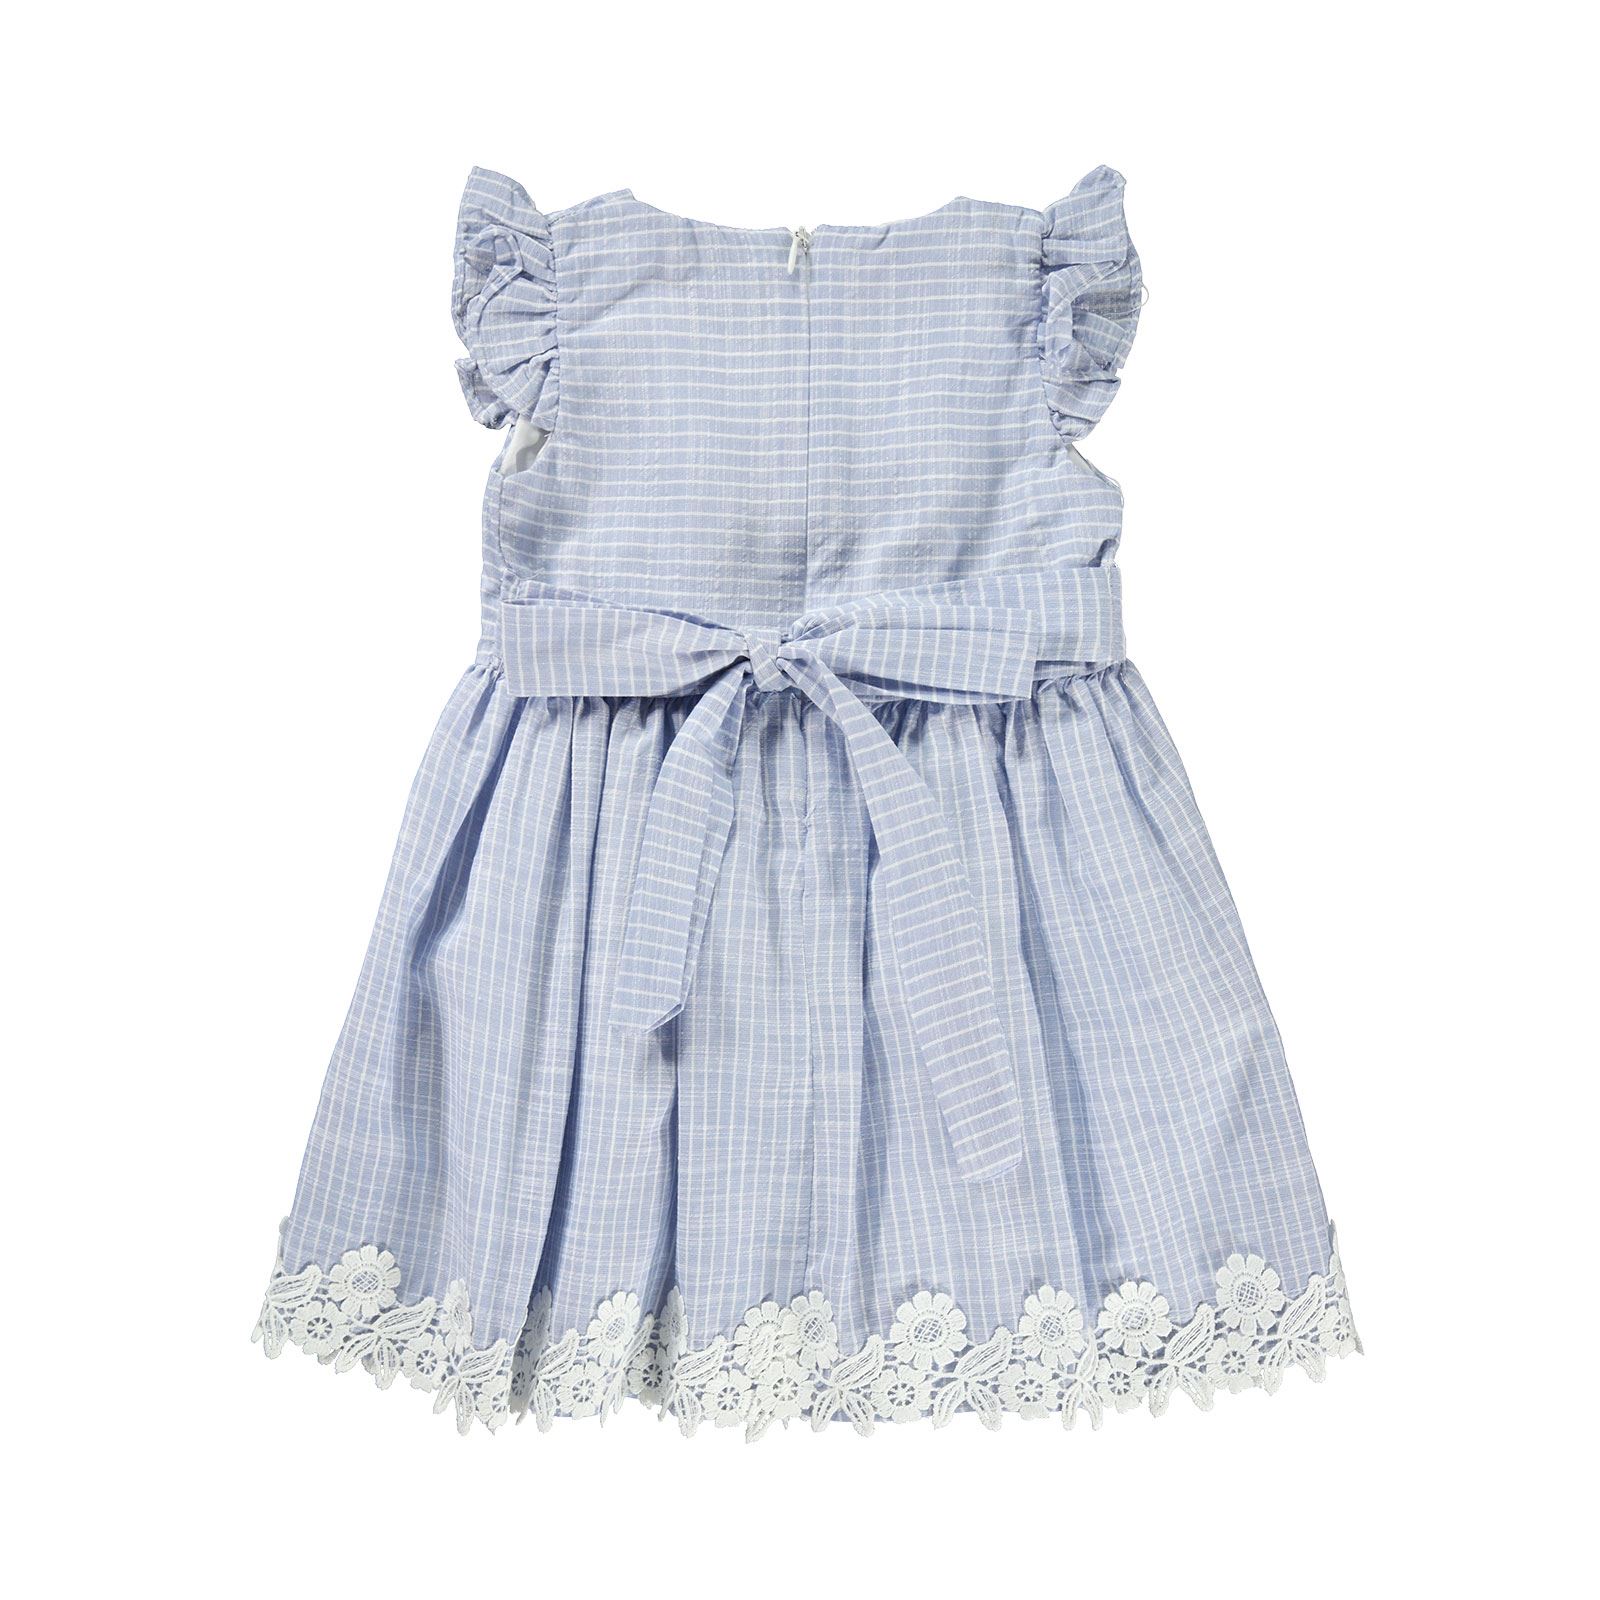 Gamzelim Kız Çocuk Elbise 2-5 Yaş Mavi
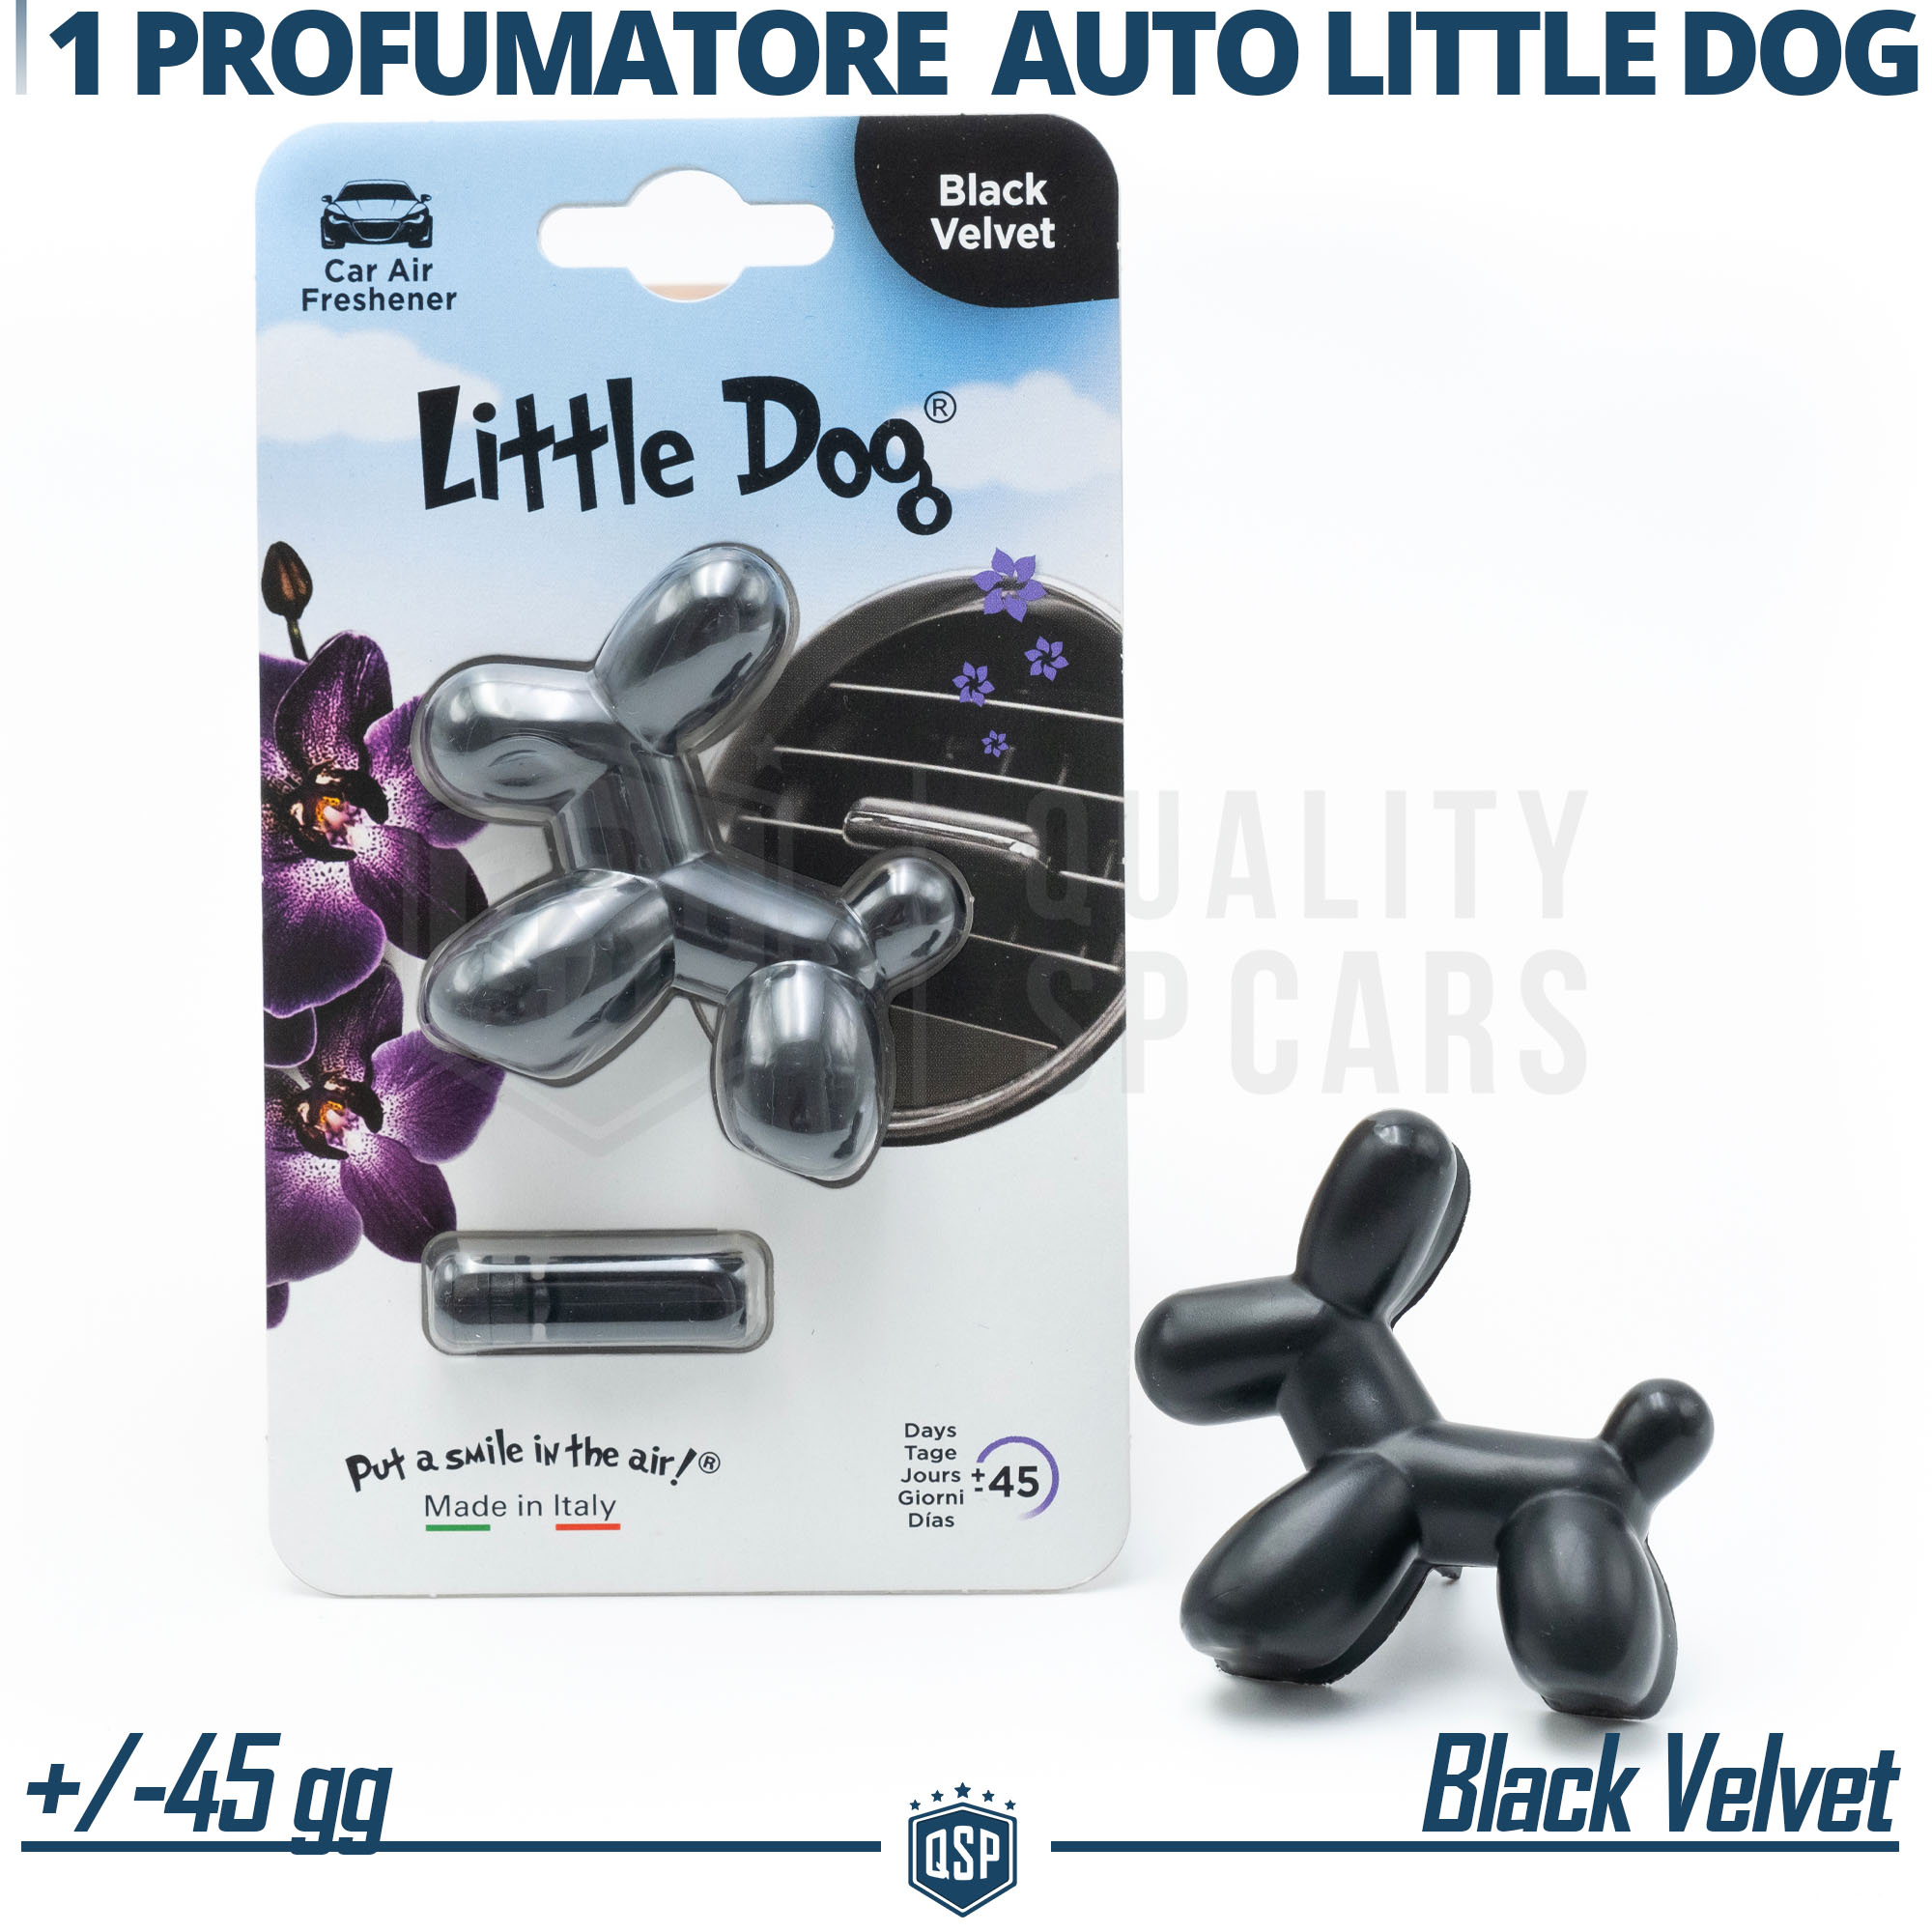 PROFUMATORE Auto Little Dog® NERO Applicabile su Bocchette Audi BLACK  VELVET 45g
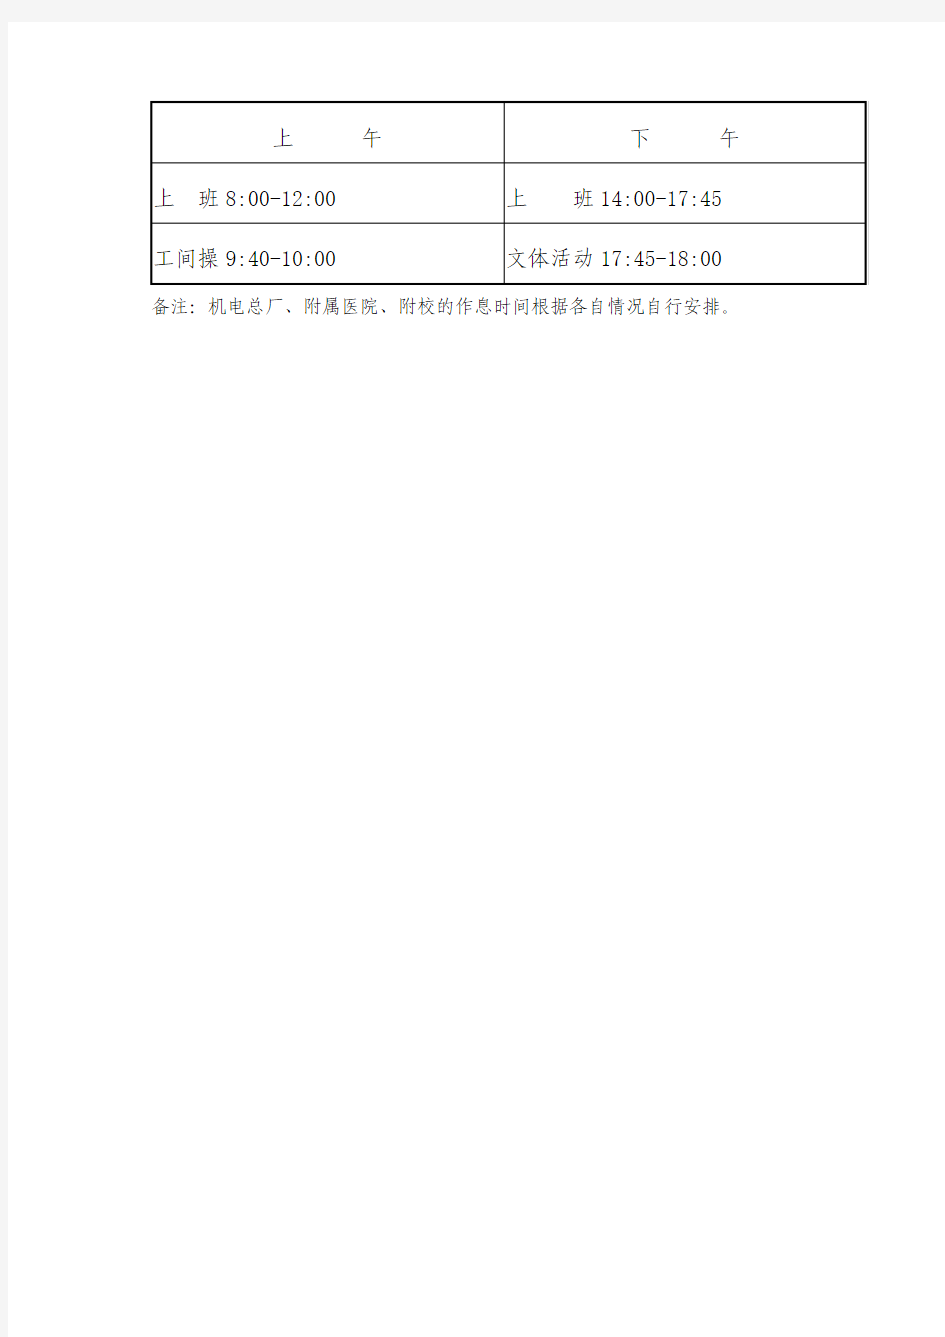 江 苏 大 学 作 息 时 间 表

════════════════

Problem to work on ::
Apart from its pictures, the data is to be repeated exactly.

Response to the task ::
 Gamzelim Kız Çocuk Elbise 2-5 Yaş Mavi
 PROFUMATORE Auto Little Dog® NERO Applicabile su Bocchette Audi BLACK  VELVET 45g
 江 苏 大 学 作 息 时 间 表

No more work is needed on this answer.